* Input for this task

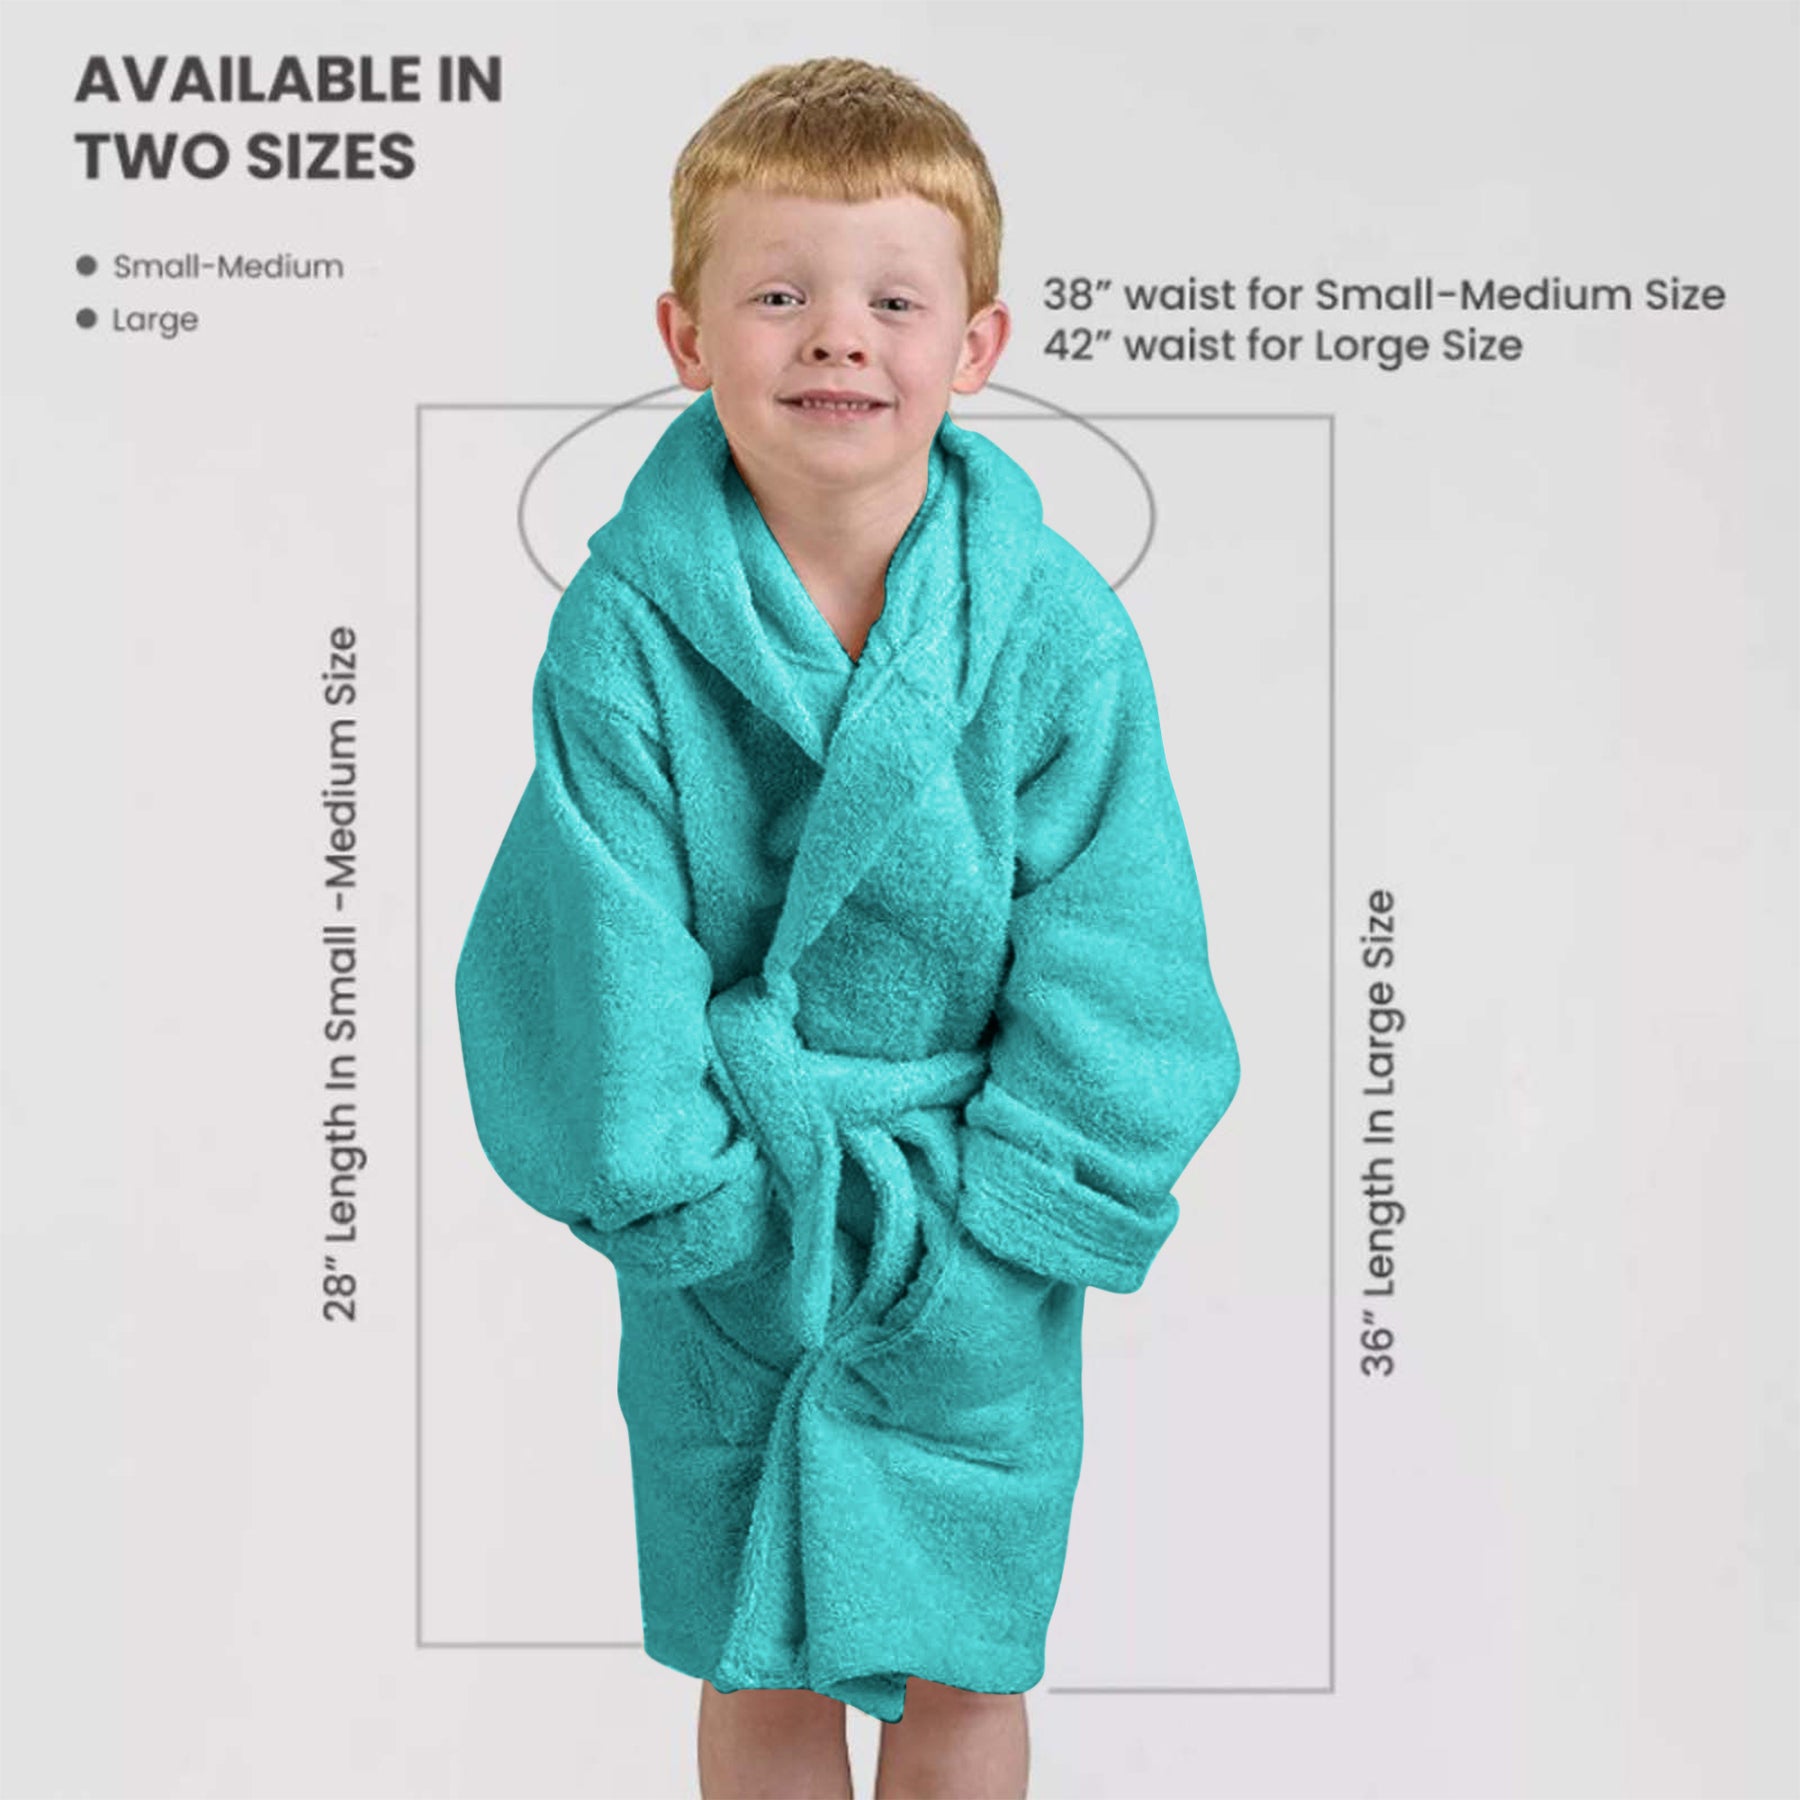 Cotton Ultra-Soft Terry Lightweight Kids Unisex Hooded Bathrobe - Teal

...

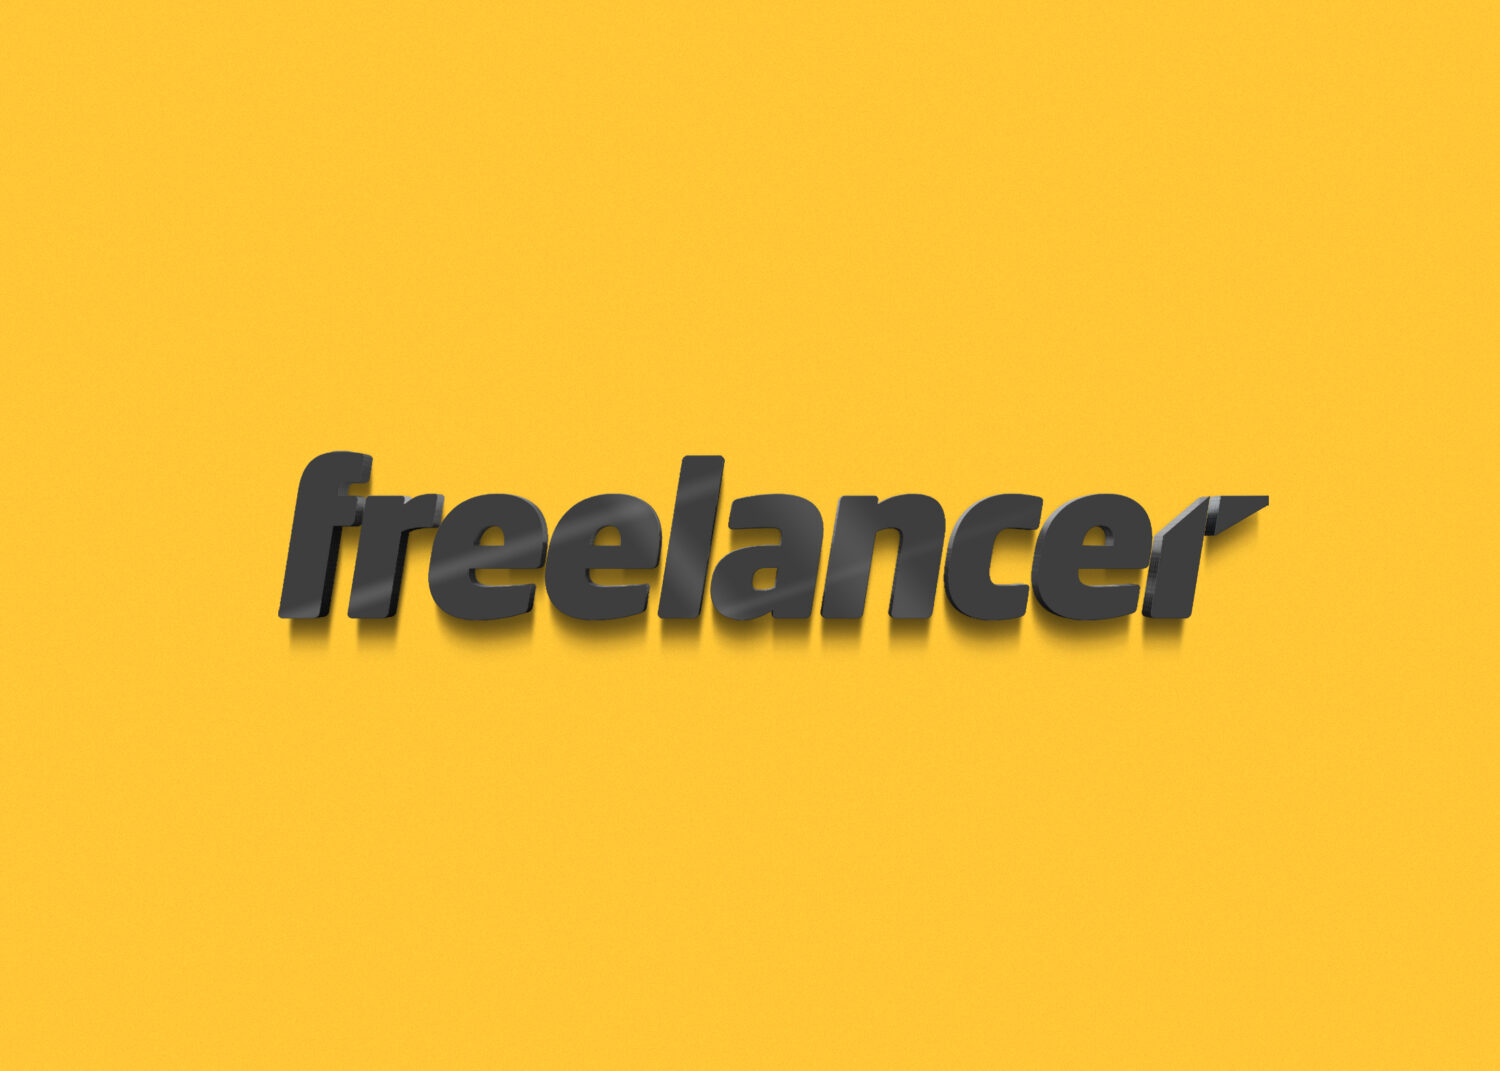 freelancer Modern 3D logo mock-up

==

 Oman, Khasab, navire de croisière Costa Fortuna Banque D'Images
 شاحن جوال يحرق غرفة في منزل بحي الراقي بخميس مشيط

* Directions for this task
Find "Oman, Khasab, navire" in the entries above and copy that whole line exactly, then each line after it through the line that contains "شاحن جوال يحرق".

* Solution for this task
 Oman, Khasab, navire de croisière Costa Fortuna Banque D'Images
 شاحن جوال يحرق غرفة في منزل بحي الراقي بخميس مشيط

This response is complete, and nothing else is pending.